Monday, June 11, 2007

Do telefone contemplar

"Alô, papai? Mamãe brigou comigo", disse Beatriz.

"Está tudo bem filha, a sua mãe devia estar cansada. Fizeram felicidades?", perguntou o pai.

"Já fizemos, mas eu fiz um desenho. Dá para ver?", pergunta ansiosa a menina.

"Infelizmente não. Fazemos assim, você me mostra quando eu voltar do trabalho, certo?", propõe o pai.

"Mas olha, estou mostrando por um dos buraquinhos. Claro que dá para ver, papai!", insiste Bea.

"Muito mal, vejo muito mal... Pode me contar o que desenhou?", pede o pai.

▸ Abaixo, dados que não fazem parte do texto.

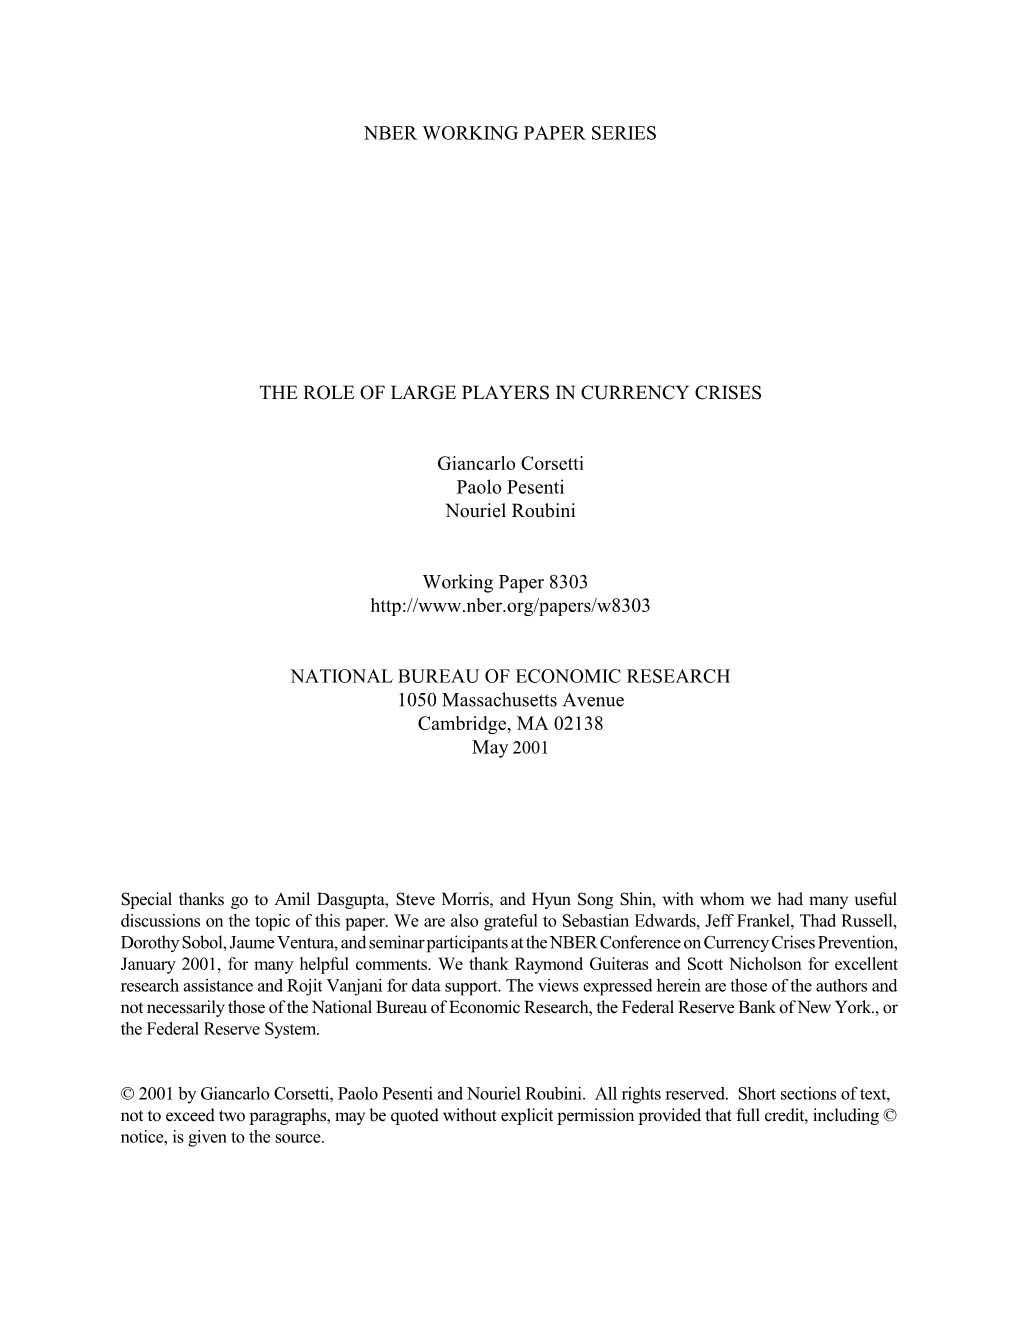 Nber Working Paper Series the Role of Large Players

"O papel é branco, mas como estava embaixo da caixa de tinta ficou cheio de marquinhas, igual ao vestido de bolinha da Ana na festa junina. Lembra? E então, eu desenhei uma mão pequenininha e pintei de rosa, da cor da flor do jardim da vovó. Mas, você não conta pra ela que eu perdi a flor no caminho, tá bom? Tem uma outra mão, grande, que aperta a mão rosa. E aperta tão forte que quase dá um grito. Fiz um céu, papai. Um céu tão azul, um azul tão bonito que dá vontade de ficar só olhando. Por que que dizem céu de brigadeiro? Mamãe desenhou uma casinha para mim. Na janela fiz nós três e pintei bem assim, com a mão benevolente. Que-que é essa palavra, papai? Achei bonita. Você me explica quando chegar em casa? A mamãe disse que você explica tão poesia essas coisas".

E de longe, do corredor, escuto a voz da Bea. Um eco delicado dos meus pensamentos. Suas pequenas mãos inocentes passeiam pelo fio do telefone e dão laços. Os pés, alvos, dançam rarefeito. O silêncio do pai sentado na cadeira que gira abre um mundo de lembranças afetuosas.

Que há-de ser

Essa flor é para você mamãe. E essa outra é para a bisa. (longa pausa)

Essa é para mim. Para quando eu crescer.

Mamãe, promete que você não esquece de me regar?